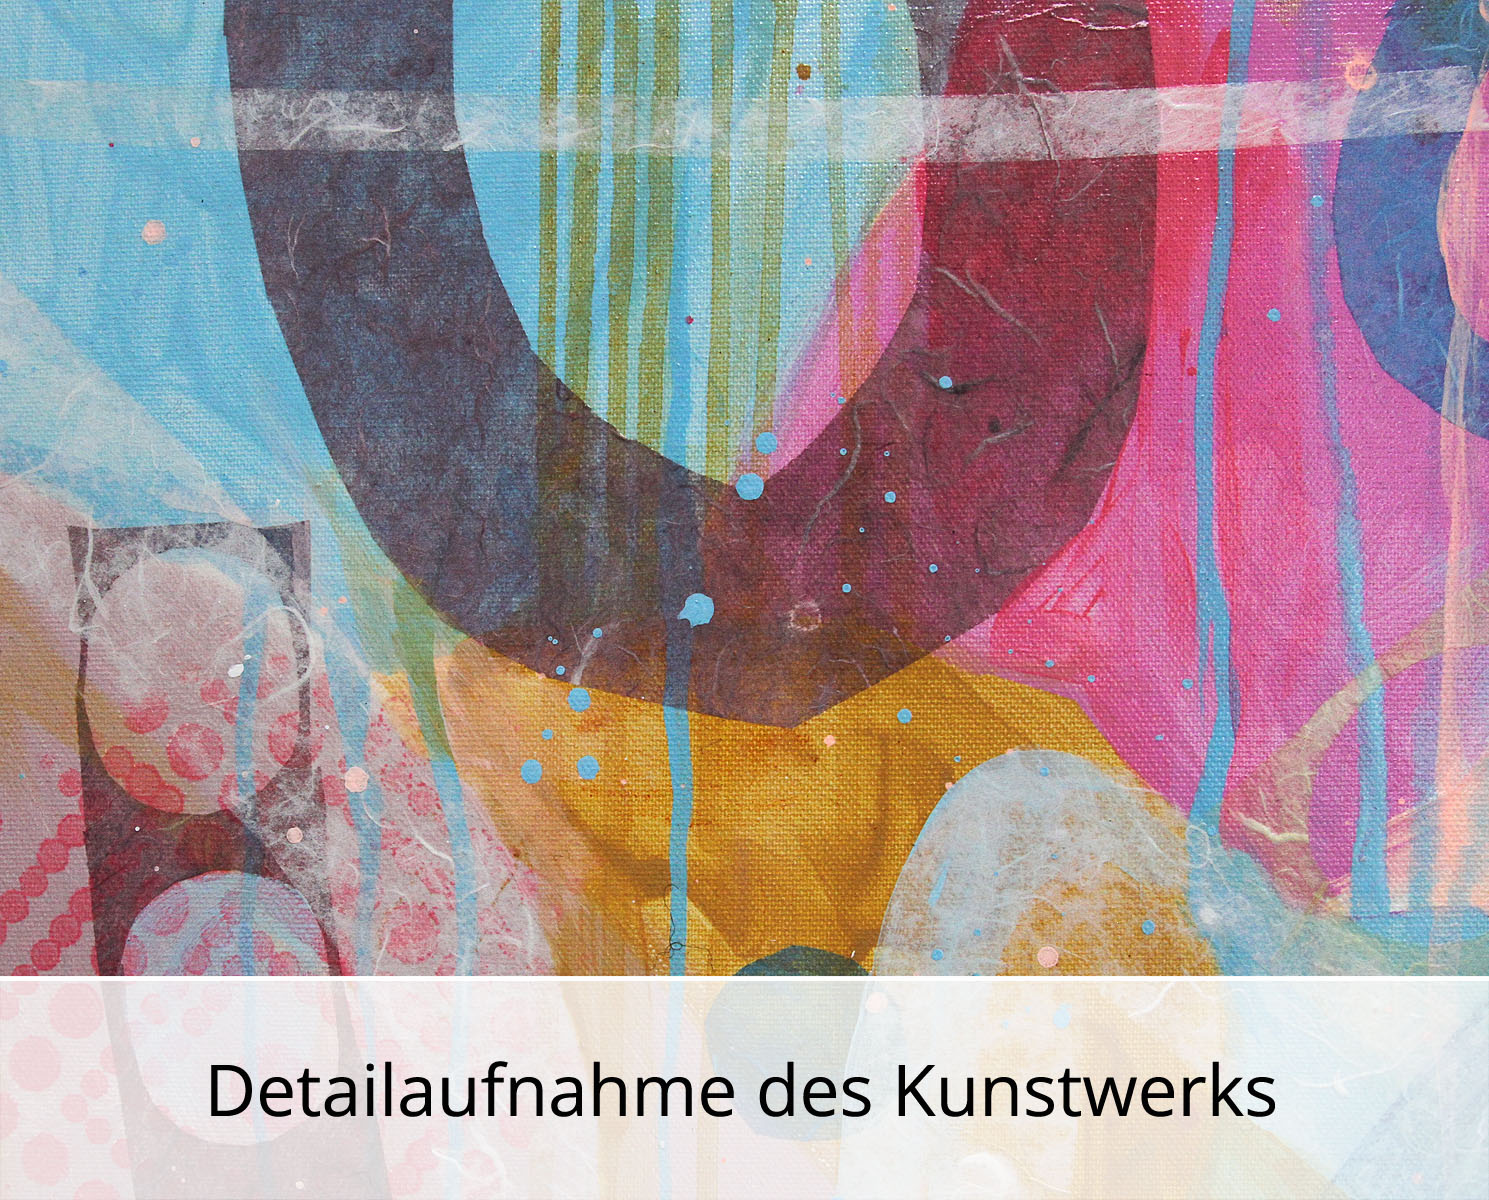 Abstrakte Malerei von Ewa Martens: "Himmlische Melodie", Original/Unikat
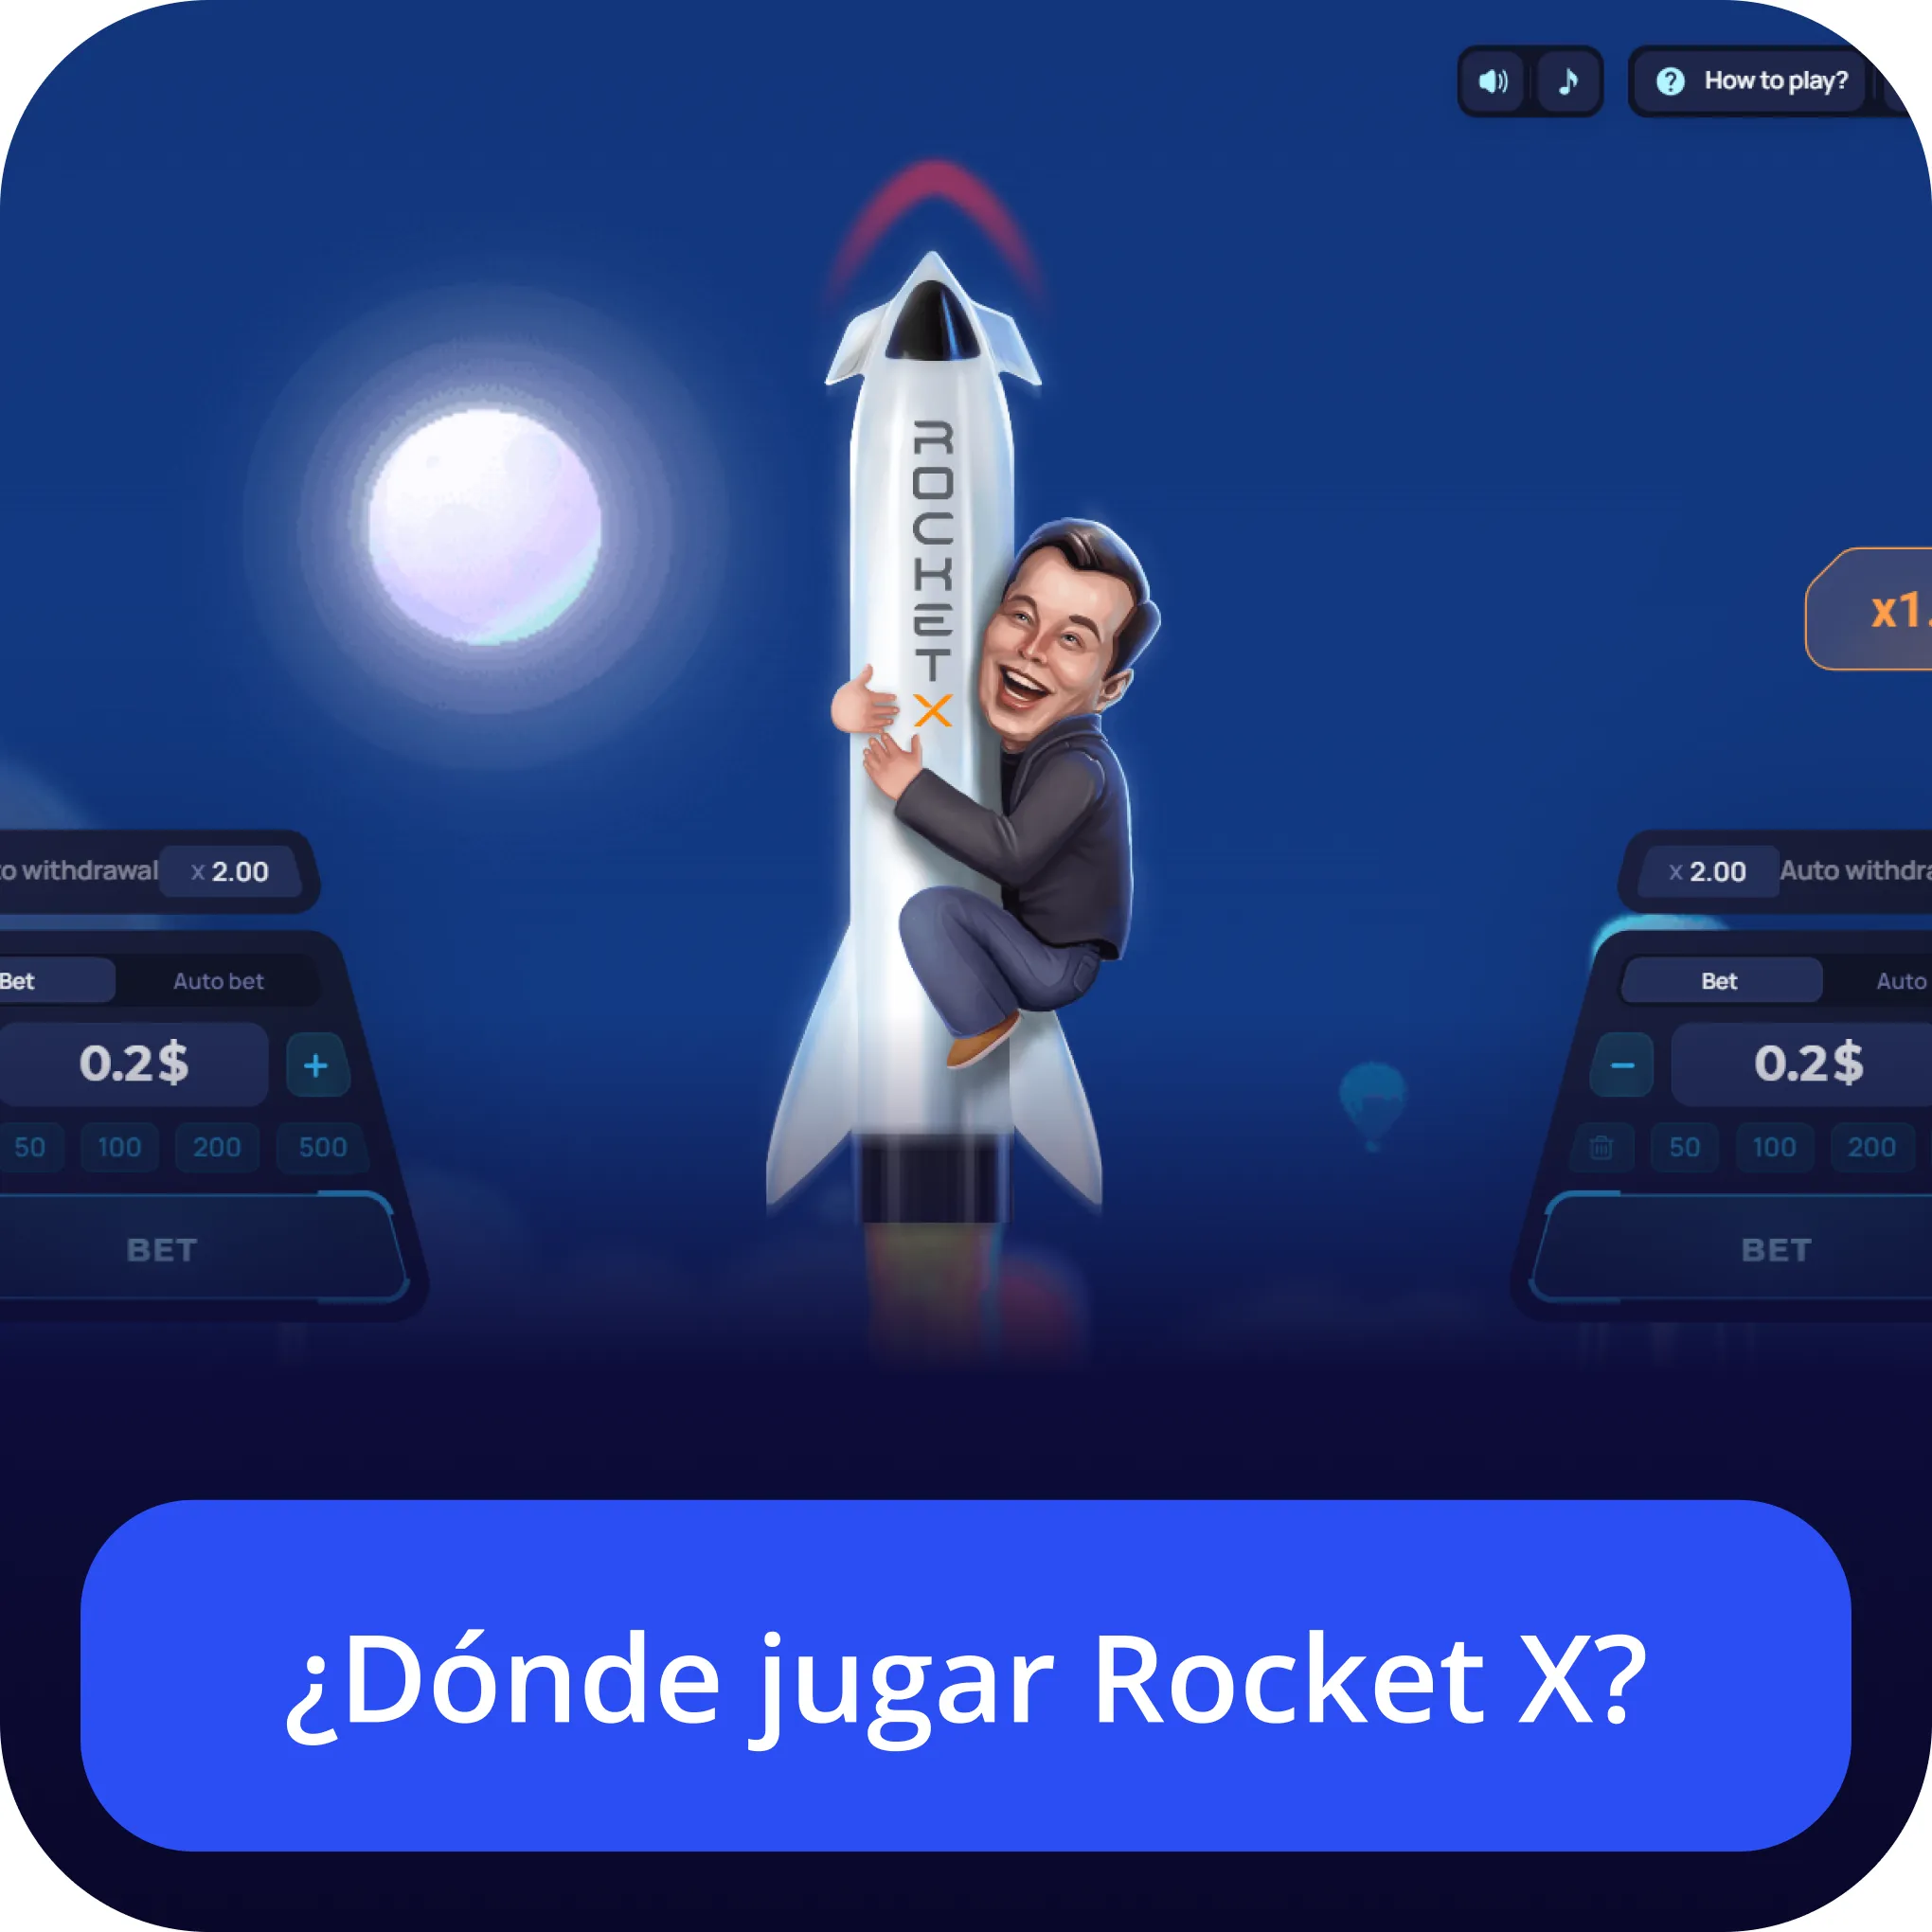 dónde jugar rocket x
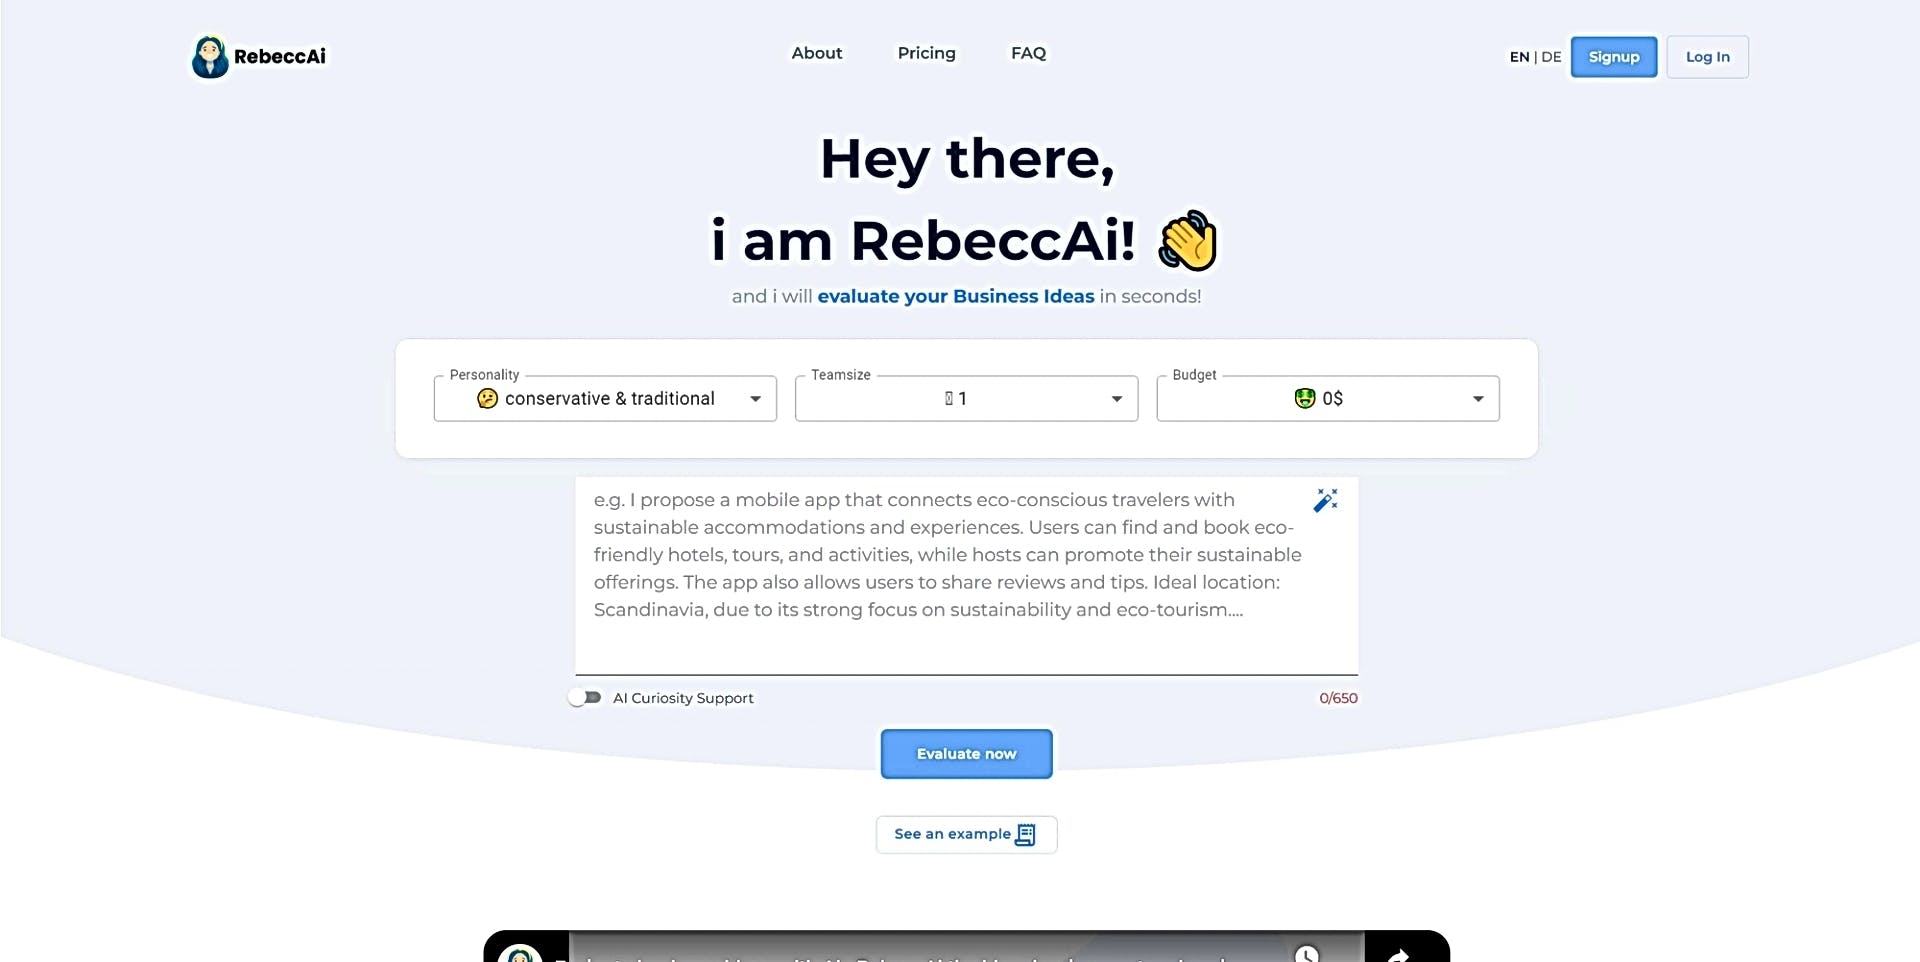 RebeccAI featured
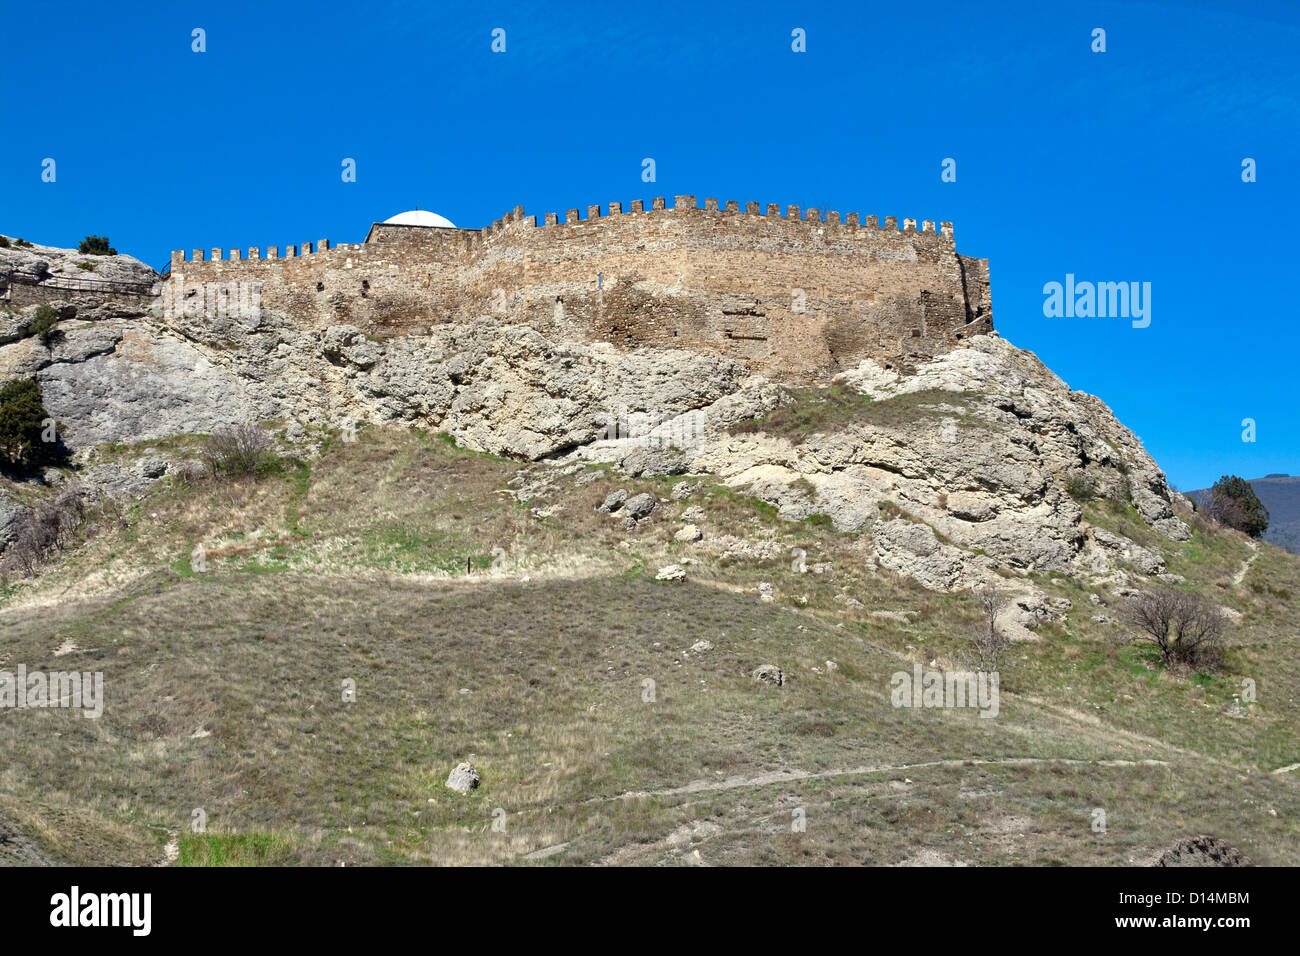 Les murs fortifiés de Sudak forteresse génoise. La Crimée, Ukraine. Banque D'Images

---+---

*Assigned task:* Exclude the pictures, and transcribe all of the material exactly.

*Solved exercise:*
 Abstrakte Malerei von Ewa Martens: "Himmlische Melodie", Original/Unikat
 dónde jugar rocket x
 RebeccAI featured
 Les murs fortifiés de Sudak forteresse génoise. La Crimée, Ukraine. Banque D'Images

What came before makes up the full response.